When data in transit is encrypted, it becomes useless to hackers, even if they do manage to intercept it. Whatever information they steal will be utter gibberish. But it’s important to understand that organizations must use the right kind of encryption, the most powerful stuff, such as the Advanced Encryption Standard (AES) or Transport Layer Security (TLS). 

Encryption keeps data in transit secure against data reads and data change attacks, because it means the information cannot be read by any attackers as it’s traveling from A to B. However, encryption alone will not prevent data origin attacks, which require additional measures to be put in place. 

To secure data in transit against these threats, the primary solutions are authentication tokens and security certificates that validate who sent the data, and virtual private networks (VPNs) that keep communications entirely secret. These techniques are usually applied in combination with data encryption. 

Authentication can be thought of as a secret handshake that confirms the messenger is who they claim to be. It ensures that the data coming into a data repository is from the person or entity that’s identified as the sender. 

As for VPNs, these are like secret paths that create a secure channel through which information can be sent, enabling data in transit to be funneled from where it was created to a data warehouse without anyone else knowing. It’s the stealthiest trick in the book. 
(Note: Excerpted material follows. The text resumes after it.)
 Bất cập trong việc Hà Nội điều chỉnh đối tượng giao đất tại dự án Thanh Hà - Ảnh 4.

Using Analytics to Identify Threats

Thanks to advances in artificial intelligence and machine learning, there has been a lot of focus on real-time threat analysis in recent years, which provides data analytics teams with a more proactive way to identify threats to data in transit. By leveraging ML and AI tools, teams can keep tabs on their little messengers as they make their way across the network and ensure they are kept safe from harm. 

One key strategy involves behavioral analysis, where AI algorithms analyze network traffic to establish a baseline of normal behavior. This makes it easier for teams to detect any deviations from the norm, which might indicate that their messengers are under attack. 
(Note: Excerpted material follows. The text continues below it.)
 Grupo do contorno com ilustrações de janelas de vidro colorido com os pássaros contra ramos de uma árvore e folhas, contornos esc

AI and ML algorithms can also enable proactive threat detection that involves scanning networks and endpoints for any threats lying in wait. Such tools work by analyzing data in transit as it travels across the network, looking for signs of suspicious activity that might indicate unauthorized access has been gained. 

This continuous monitoring of data in transit has emerged to become one of the chief security strategies of modern organizations today, enabling them to respond to threats the moment they occur. By doing this, they can make sure that the data that ends up being analyzed hasn’t been compromised. 

Layering Up

By applying the above techniques to data in transit, data teams and security professionals can build strong safeguards against the major threats it faces as it makes its way to data repositories. But it’s important to remember that security is an ongoing battle, with bad actors always on the lookout for new tricks and techniques they can use to overcome even the most elaborate defenses. 
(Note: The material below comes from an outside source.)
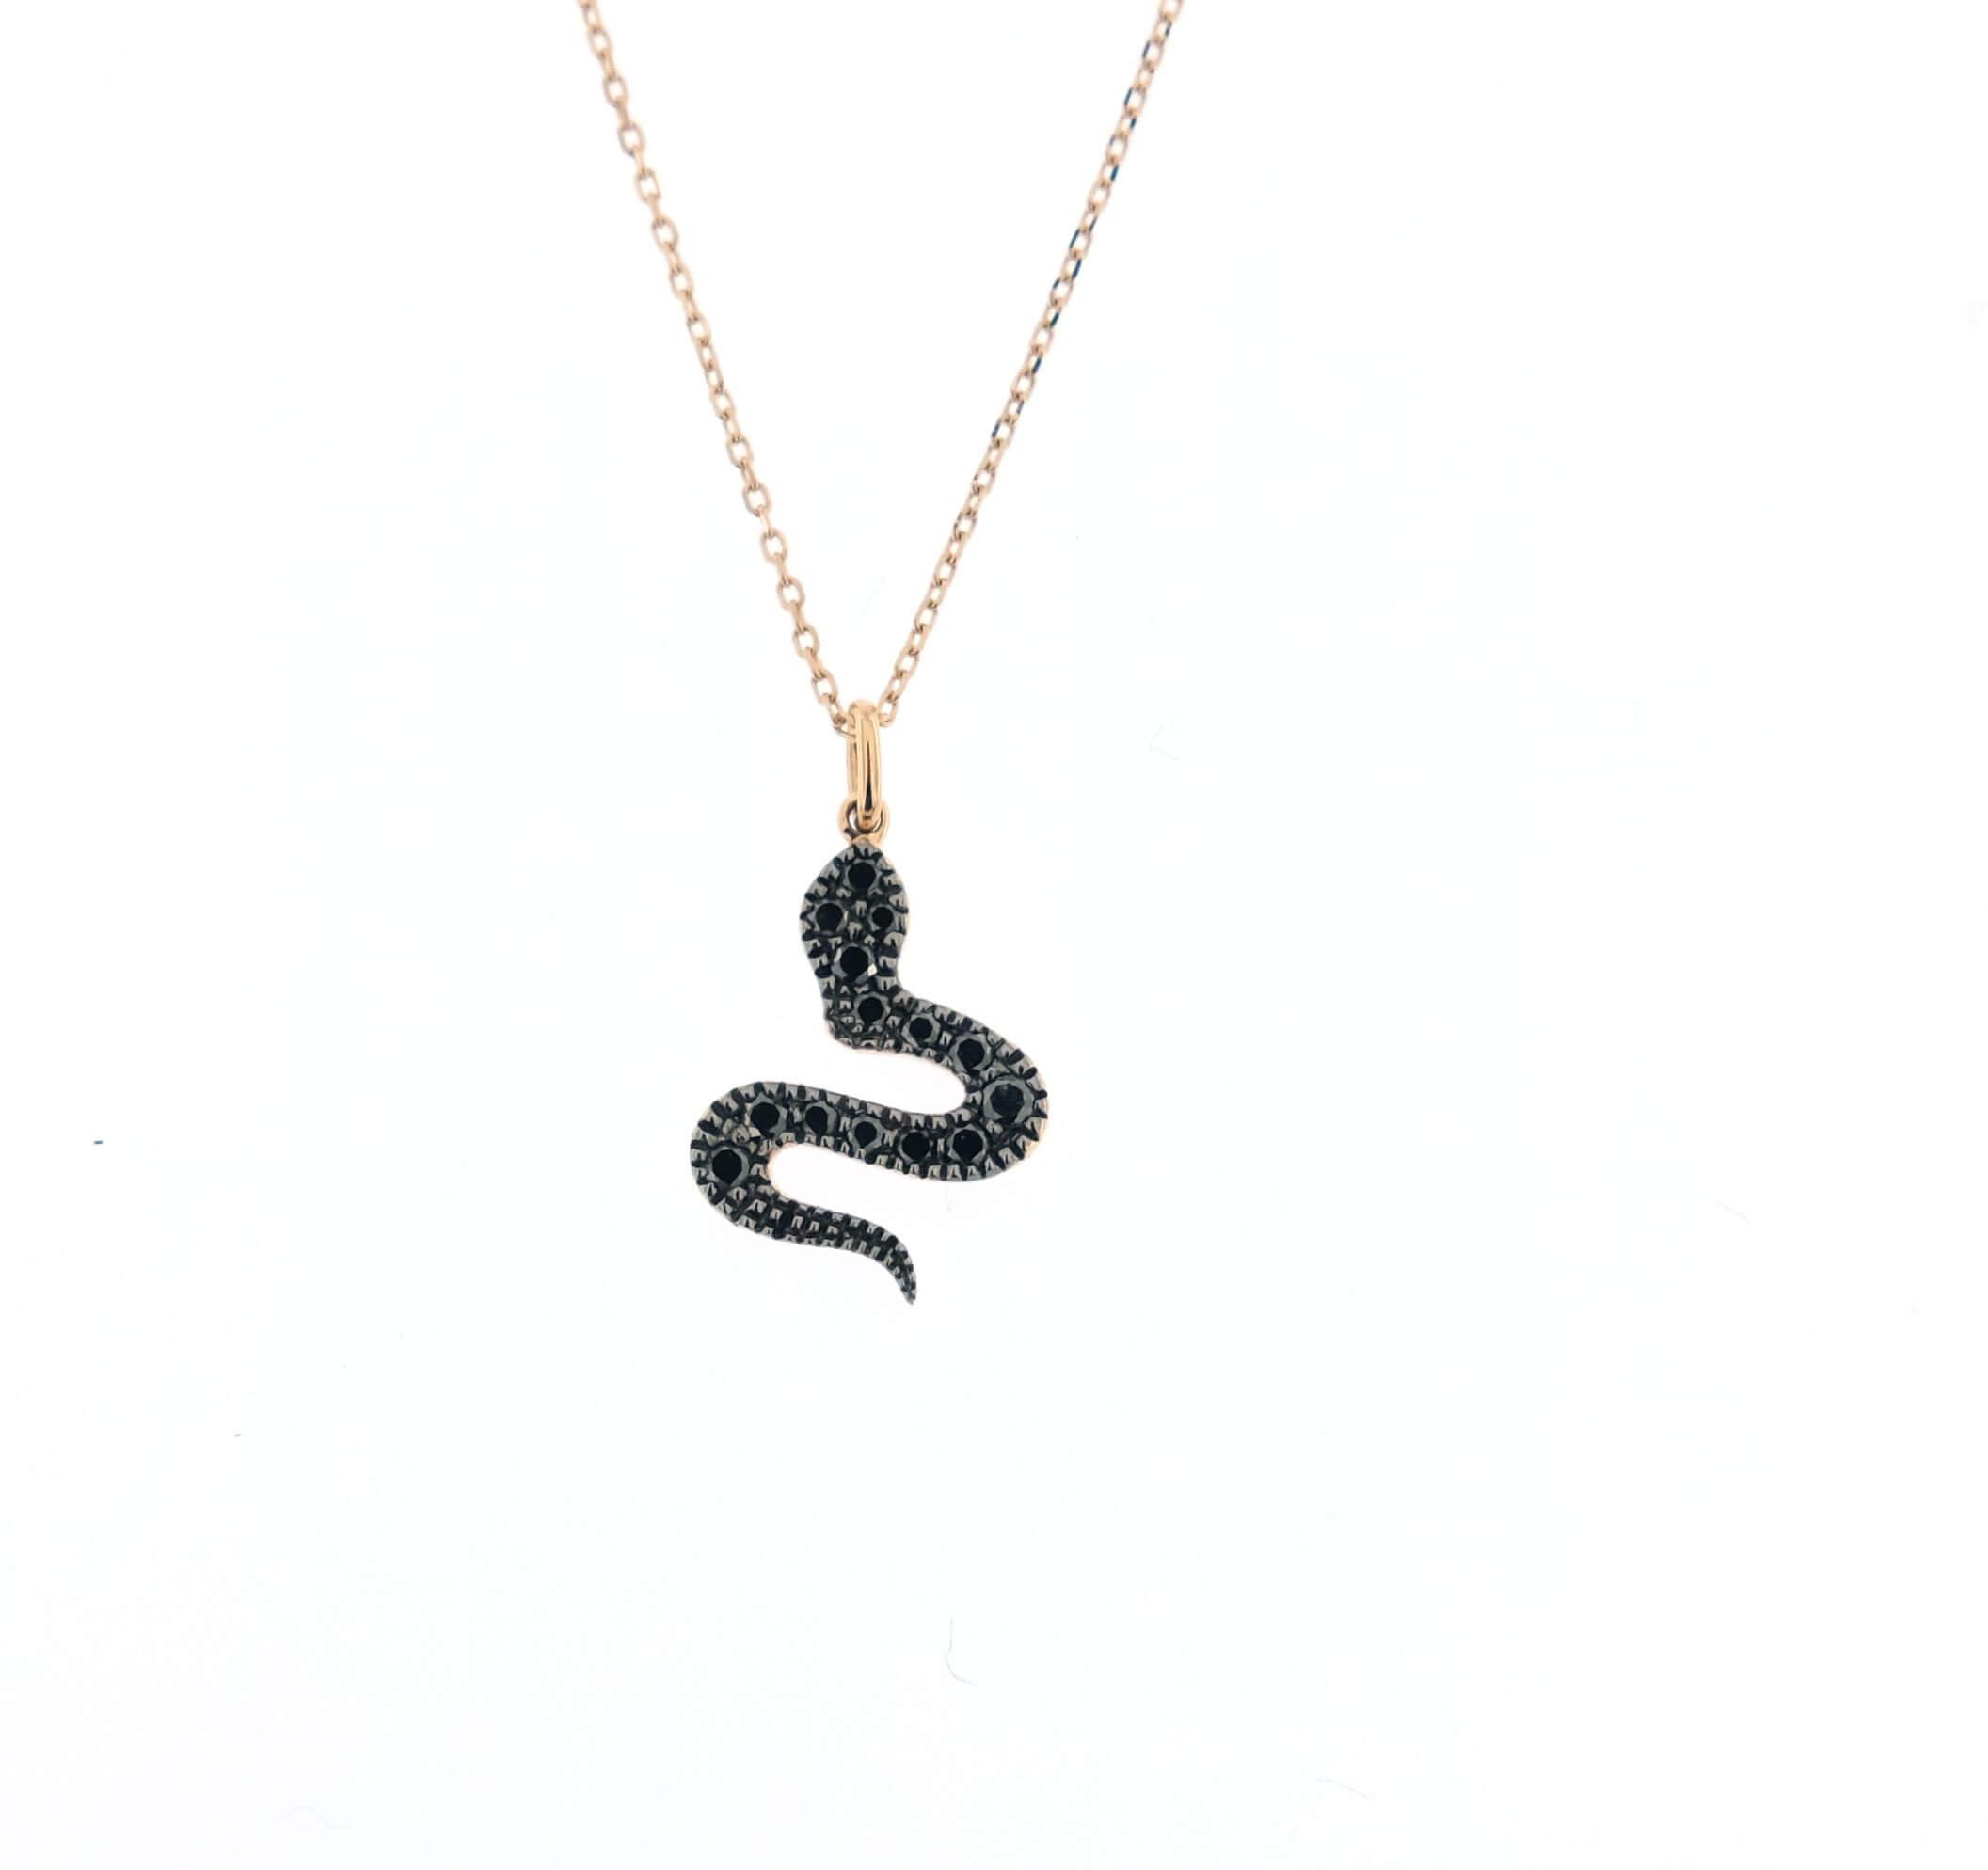 comprare popolare 3407e b57c2 Collana Labor oro rosa con serpente in diamanti neri e catenina rolò

To ensure the integrity of data in transit, the best strategy is to layer up with a more sophisticated security strategy. For the most sensitive data, that means using strong encryption to scramble it, a demand for authentication, and a stealthy route across the network that avoids the gaze of hackers. On top of that, teams should consider implementing tools to monitor data in transit in real time as a further guarantee. After all, the vast majority of modern networks rarely catch a break, as many organizations have an insatiable need for fresh data that’s analyzed around the clock.